This compares with pre-crisis actual spending (including Treasury operations) of $17.8 billion in 2018 and actual revenues (including Treasury operations) of $11.5 billion.
The projected budget deficit for 2022 is $294 million compared with an actual fiscal deficit of $6.2 billion in 2018.
The 2022 budget is based on an exchange rate of LL15,000 for the revenue figures. Part of the expenditures will be in lira such as salaries while the other part such as government purchases will be paid based on the market exchange rate such as fuel purchases and office supplies.
The budget law was approved by less than 50 percent of the Parliament’s members totaling 128 MPs. Only 106 members were present, ensuring a quorum, out of which 63 voted in favor of passage of the budget law.
The legislators have approved tripling the basic salaries of all public sector employees including the army and security forces as well as retirees and contractual government workers.
By using an exchange rate far below the parallel market rate, the government fails to meet the reforms required by the International Monetary Fund (IMF). A visiting IMF staff team last week said in a statement before the approval of the budget: “The long delay in approving [the 2022 budget] means that for macroeconomic purposes the focus should now turn to preparing and approving a credible 2023 budget. This should be based on realistic macroeconomic assumptions, with the necessary revenue raising measures, including the use of a realistic exchange rate (i.e., the Sayrafa rate that should become the market rate with exchange rate unification) for all tax purposes.”

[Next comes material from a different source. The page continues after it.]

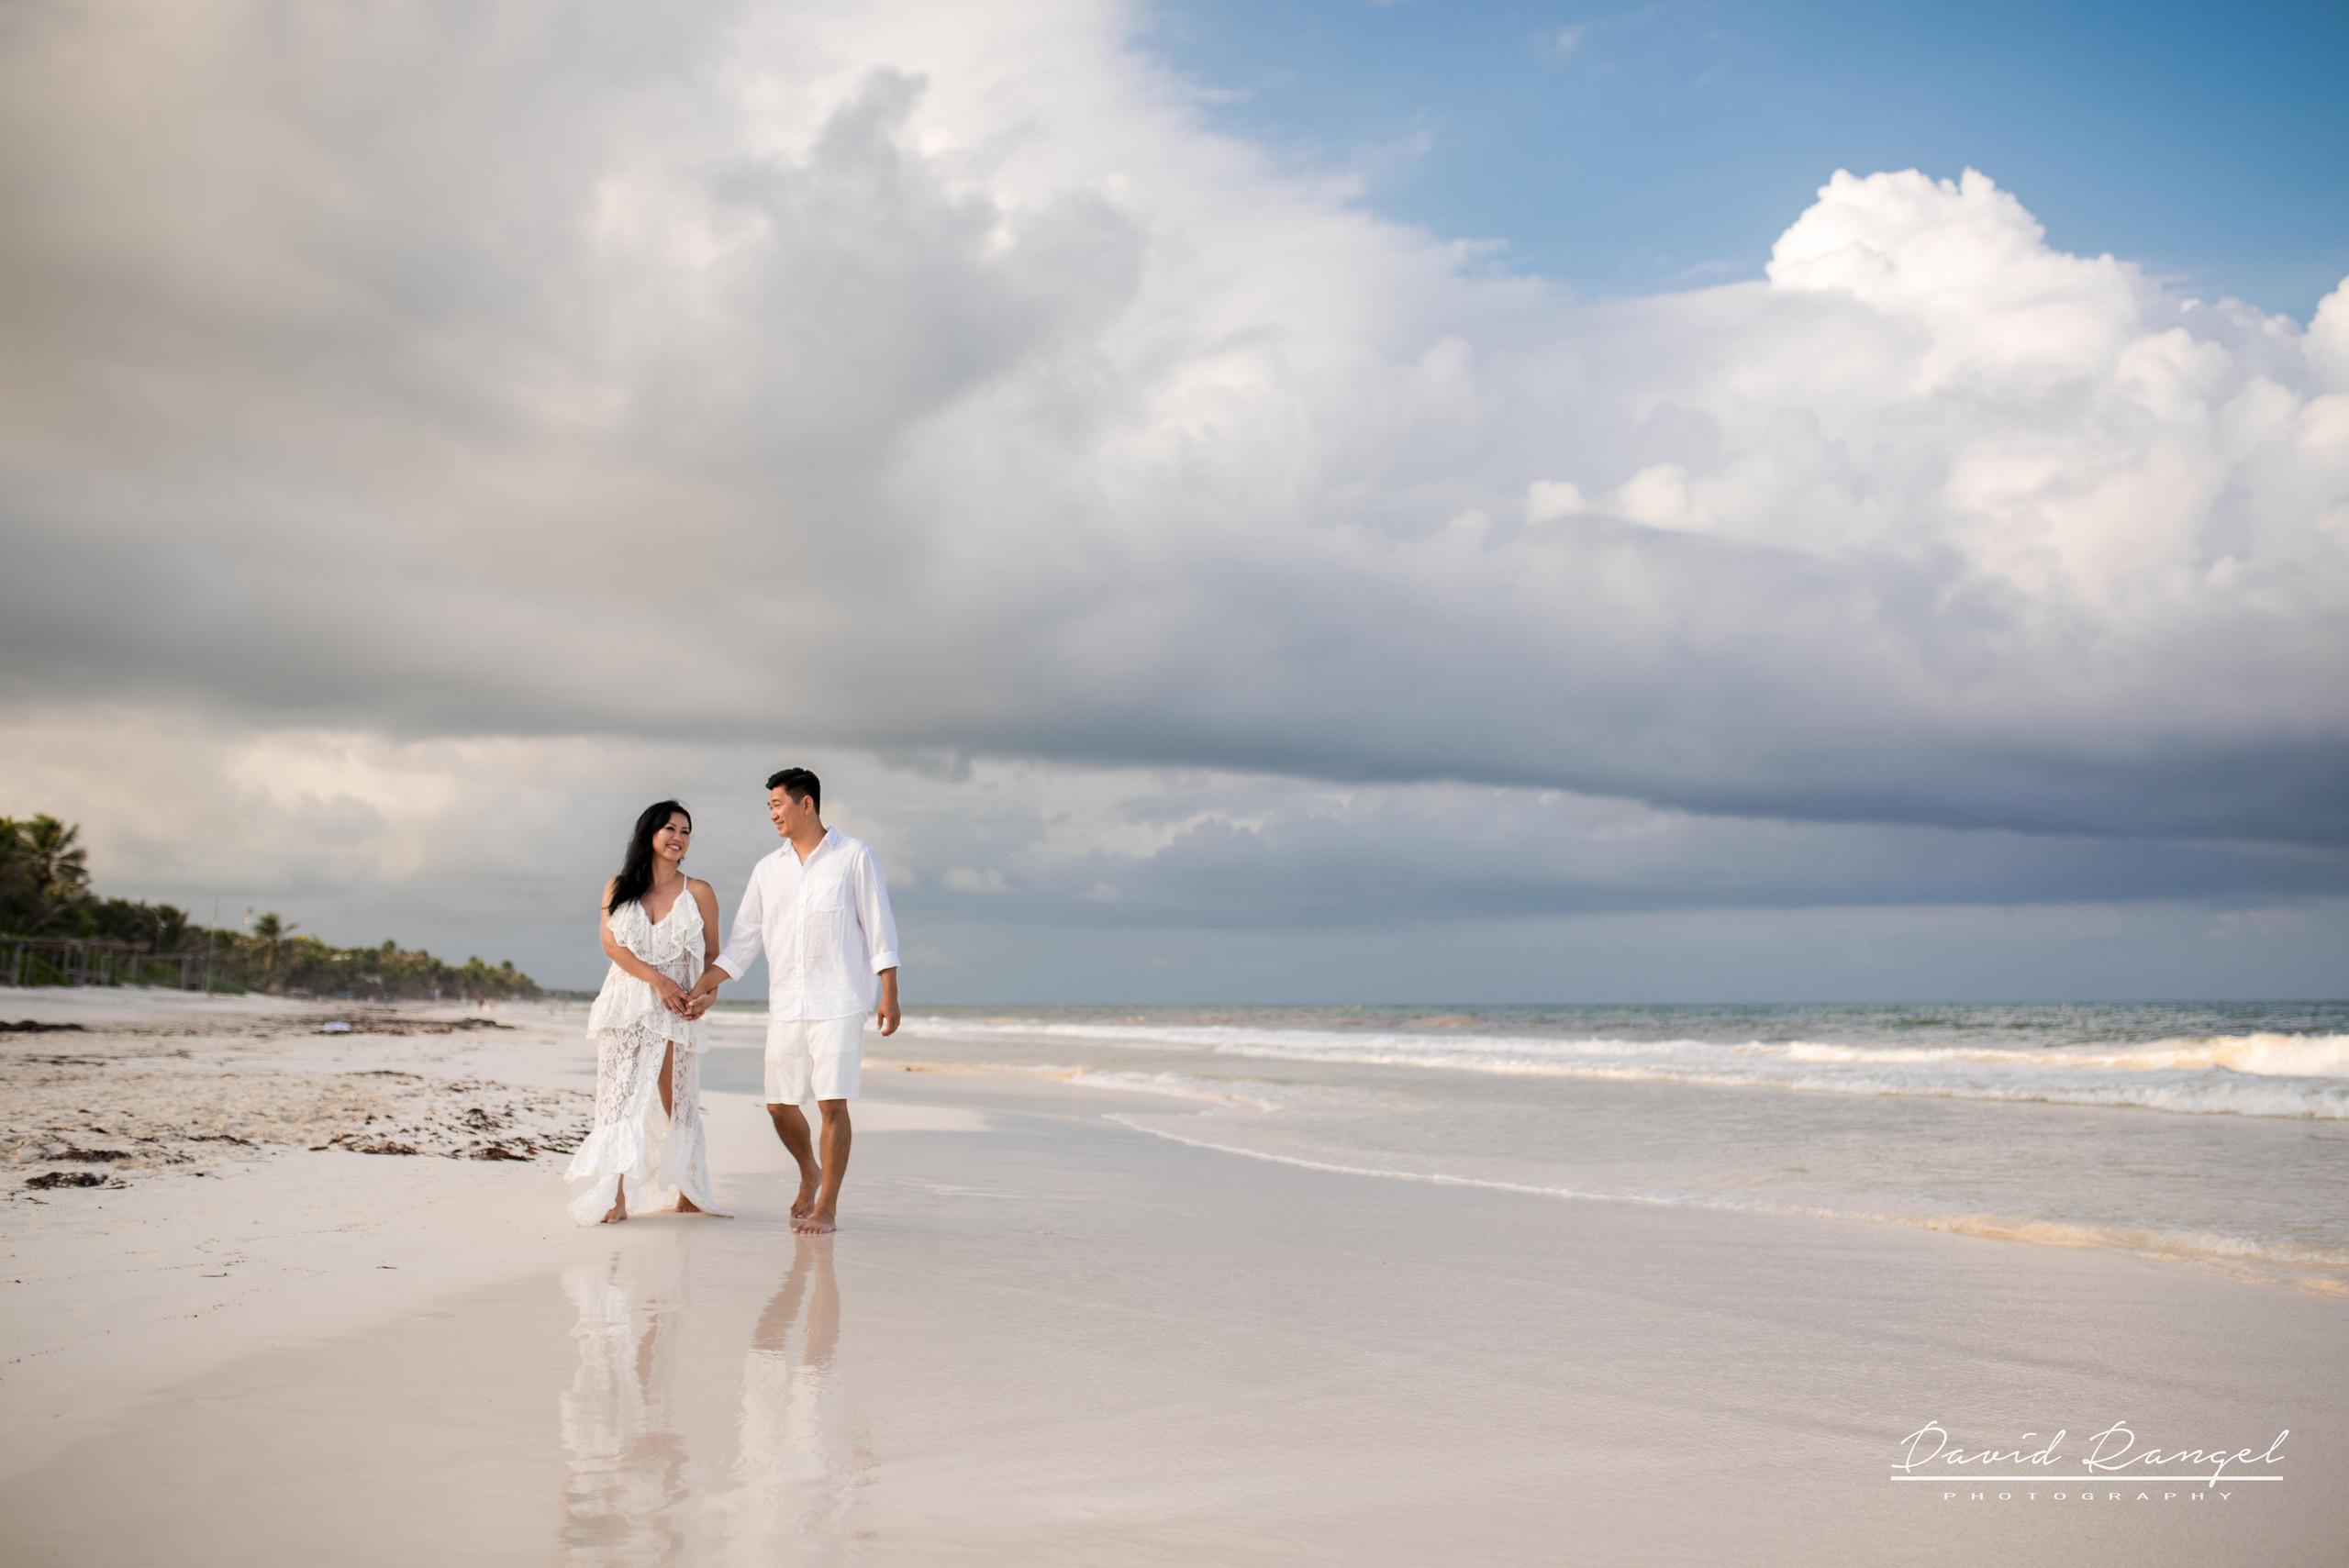 engagement+session+photo+picture+beach+caribe+tulum+love+romantic+happy+hotel+sanara+sunset+professional+photographer

According to the IMF statement, using a unified exchange rate would enable the government to significantly increase social and investment spending and adjust public spending in order to resume the basic functioning of public administrations. “Existence of the multiple exchange rates causes significant distortions to economic activity, undermines the operations of the public sector, and creates opportunities for corruption and rent-seeking, leading to excessive pressures on the Central Bank’s foreign currency reserves,” the IMF staff said.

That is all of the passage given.